Newsletter – February 2018

February 2018
From the Streets into a Home
Meet Tommy. For him a home means recovery from homelessness, substance use disorder and mental illness. 
Tommy’s mom had her first child at the age of 14.  He was one of 7 children.  By the time he was a teenager, he was working odd jobs and started using alcohol to “comfort” himself.  He first experienced homelessness at the age of 24 when he was still working odd jobs but couldn’t afford his basic needs – like rent. He moved from city to city all across the country looking for a permanent job, and finally settled in Austin.  After years of using alcohol as a way to cope with his circumstances, his kidneys began to fail.  While hospitalized, he learned about treatment and started on the path to recovery.  He admits it feels good to be sober.  He has never had a solid foundation or a place to call his own until now. Watch his story and see how a home means recovery from homelessness, substance use disorder and mental illness.

Housing First is Changing Lives

Pathways to Housing DC adopted the Housing First approach in 2004, which believes that a house is more than four walls. It’s the foundation for recovery from homelessness, mental illness and substance use disorder. Cities across the country, like Austin, are adopting the Housing First model.
Meet Linwood and Tamika Blount who learned about Housing First from Pathways to Housing DC.

Integral Care and Community Partners Aim to Stop the Revolving Door of Incarceration for Individuals Living with Serious Mental Illness.

The Forensic Assertive Community Treatment team
Nationally, 2 million people with mental illness are booked into jails each year. In Travis County, 25-30% of individuals in our jail system receive treatment for a mental illness. When people don’t have access to mental health treatment, symptoms and conditions can worsen.

The Texas Health and Human Services Commission recently announced that Austin is one of 14 local communities that will receive grant funding to help reduce recidivism, arrest and incarceration of individuals living with mental illness. This award is through Senate Bill 292, co-sponsored by Senator Watson and passed during the last legislative session. Integral Care received preliminary notice of an award anticipated to be $2.5M on an annual basis.

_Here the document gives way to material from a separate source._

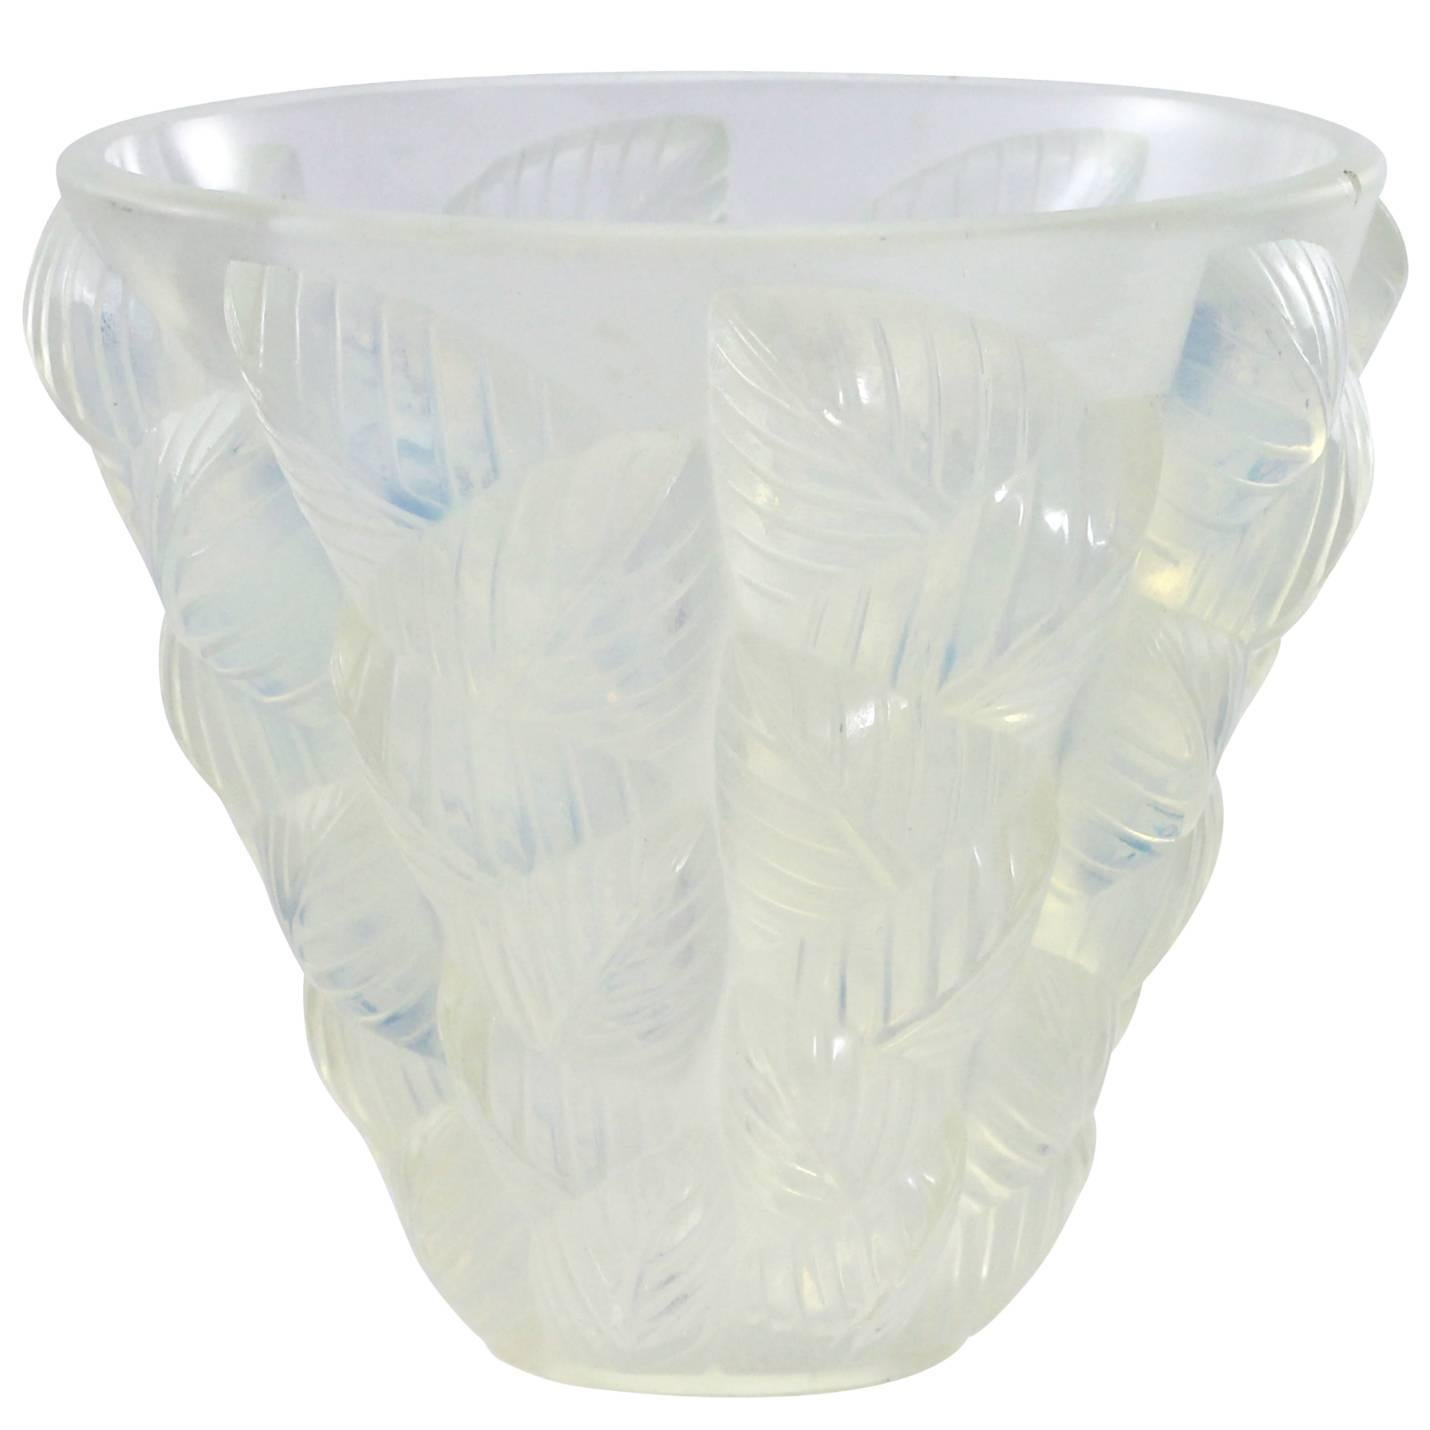 Early 20th Century Art Deco 'Moissac' Opalescent Glass Vase by René Lalique For Sale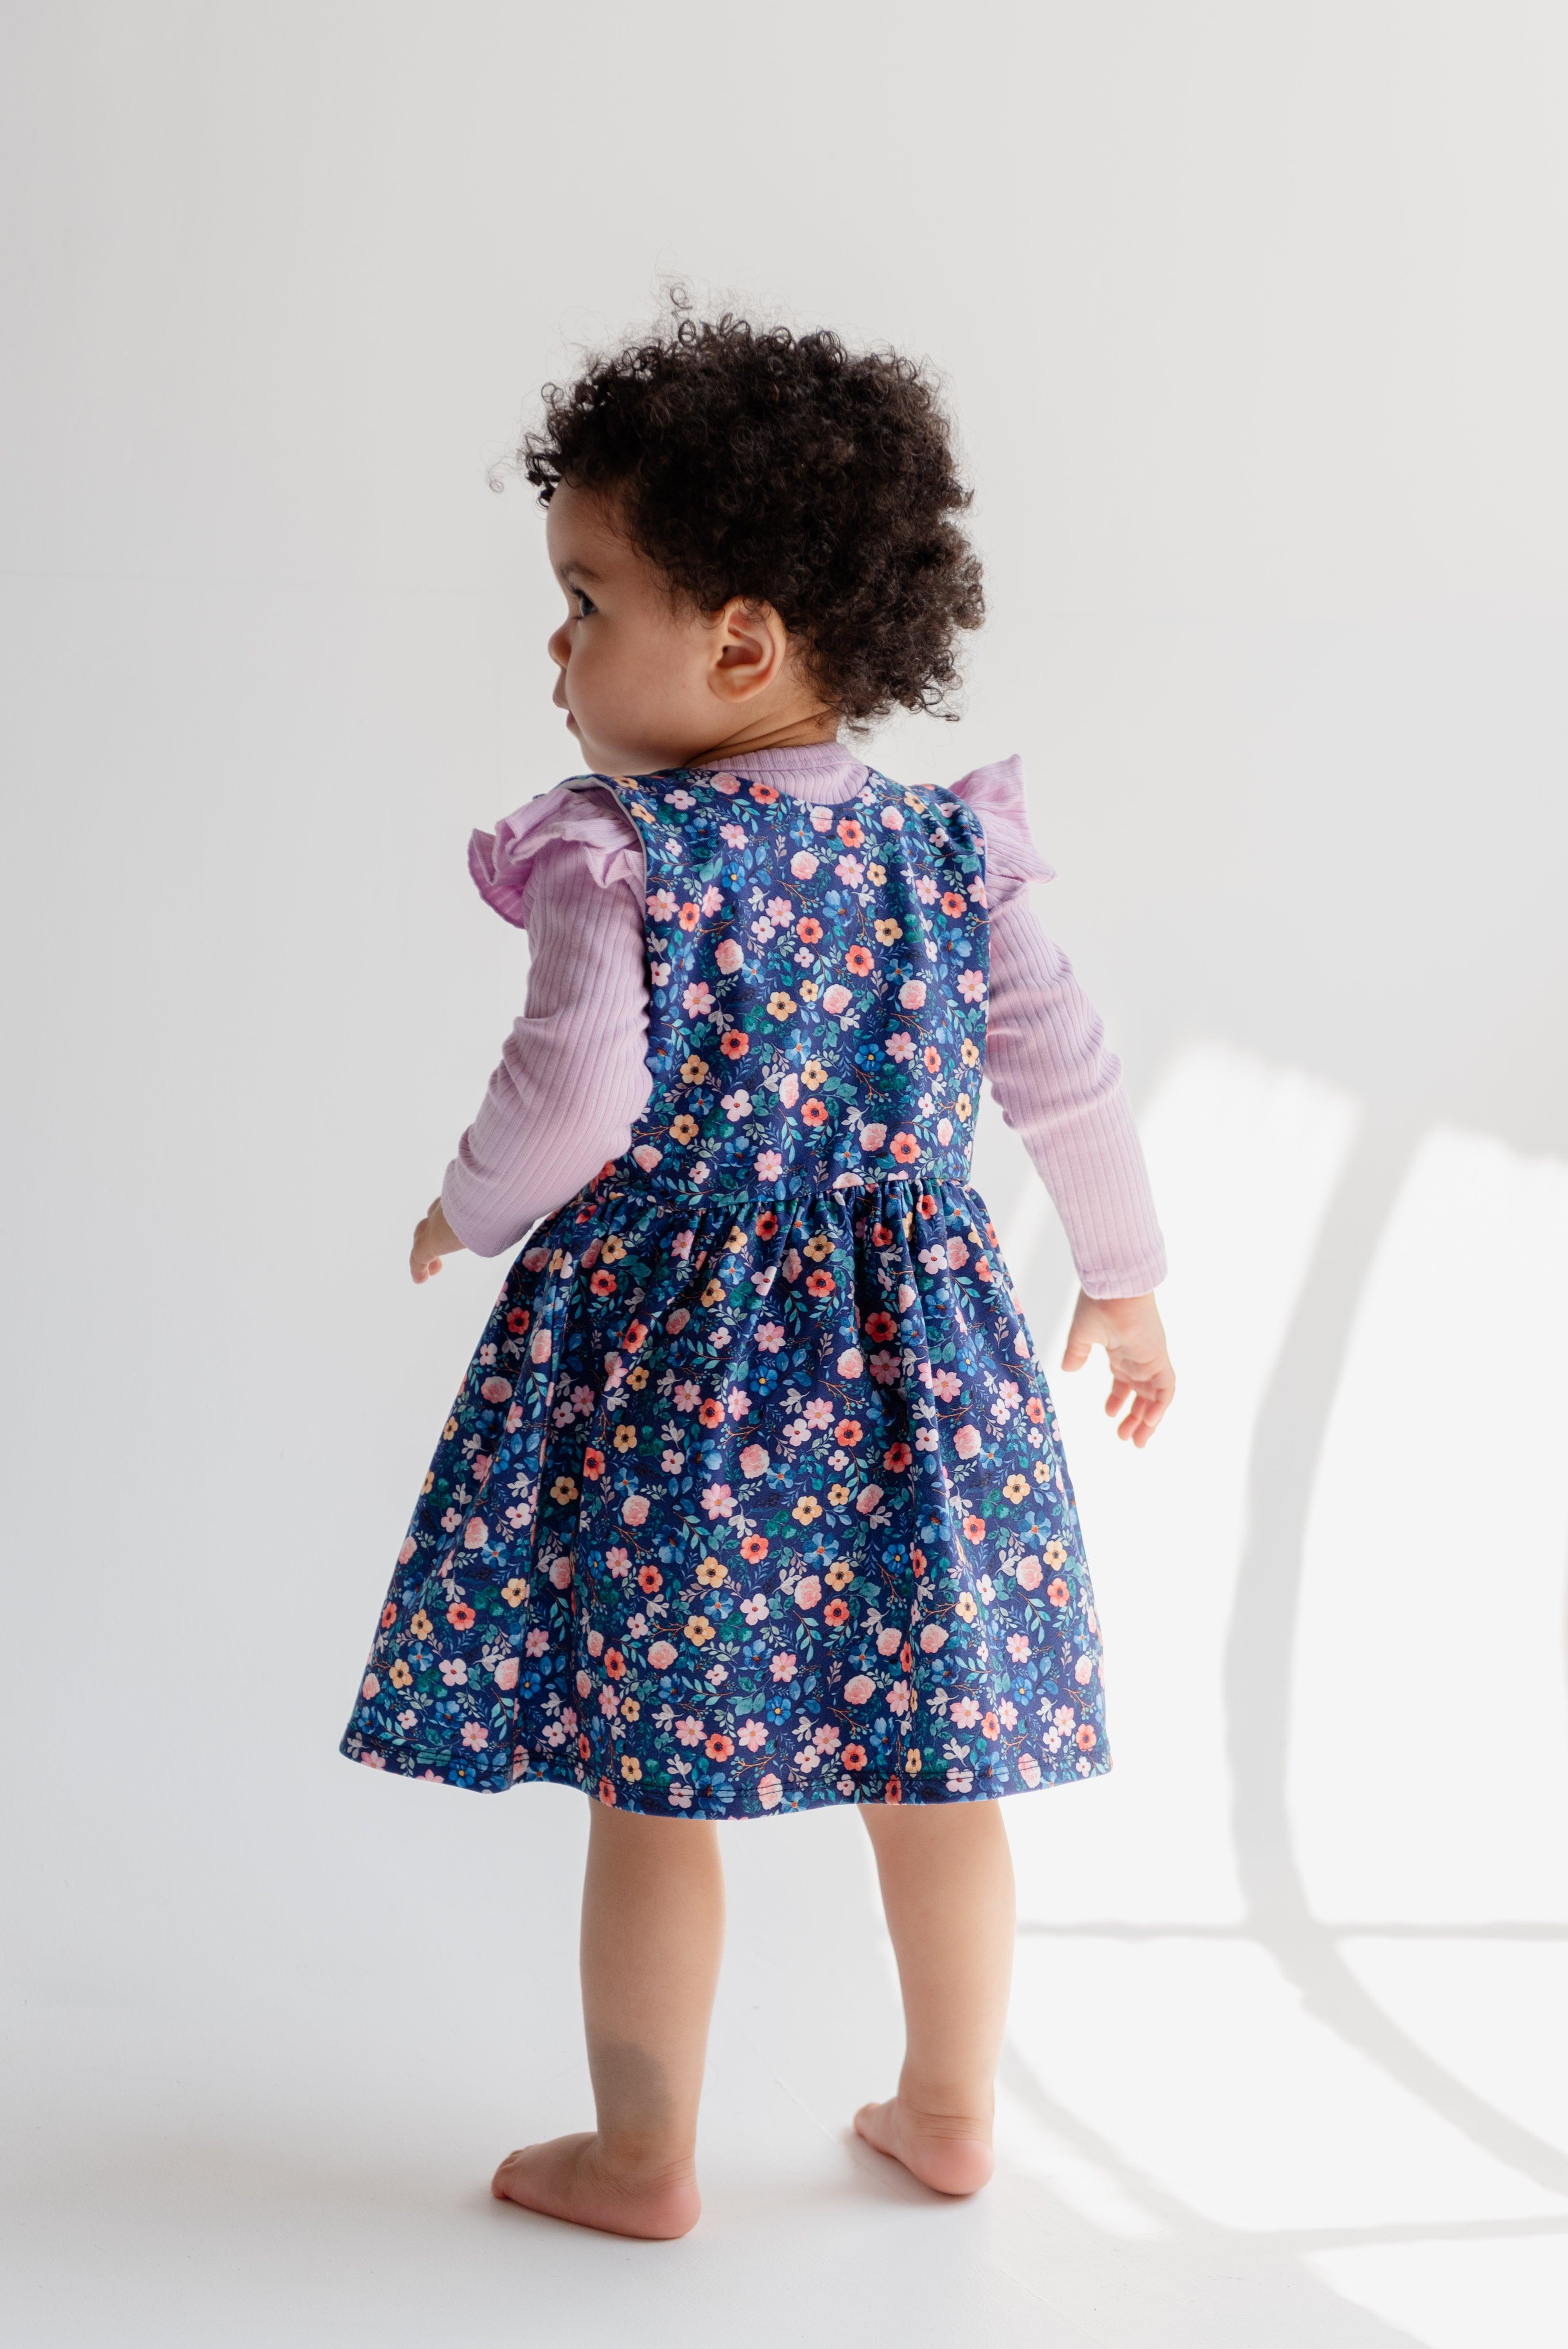 files/navy-dainty-floral-dress-claybearofficial-2.jpg

With this funding, Integral Care, in collaboration with Travis County, Central Health and the City of Austin, proposed to establish a new Forensic Assertive Community Treatment (FACT) team linked to permanent supportive housing in our community. FACT is an intensive, multi-disciplinary team-based intervention that stops the revolving door of incarceration for individuals living with serious mental illness. FACT will serve individuals who have been arrested for minor offenses or felonies as well as experienced recurring and lengthy in-patient mental health hospitalizations, most of whom are living homeless in our community. Services include mental health care, counseling, medications, family education, primary health care, peer support and permanent supportive housing.

FACT is built on the principals of Integral Care’s Assertive Community Treatment (ACT) team, who has been serving the community for 24 years. ACT provides wrap around support services in the community to individuals experiencing mental illness and/or substance use disorder. The new FACT team will be led by Integral Care’s Elizabeth Baker, Practice Manager of ACT and Specialty Services.

We know that housing is more than four walls. It’s the basic foundation for mental health and well-being.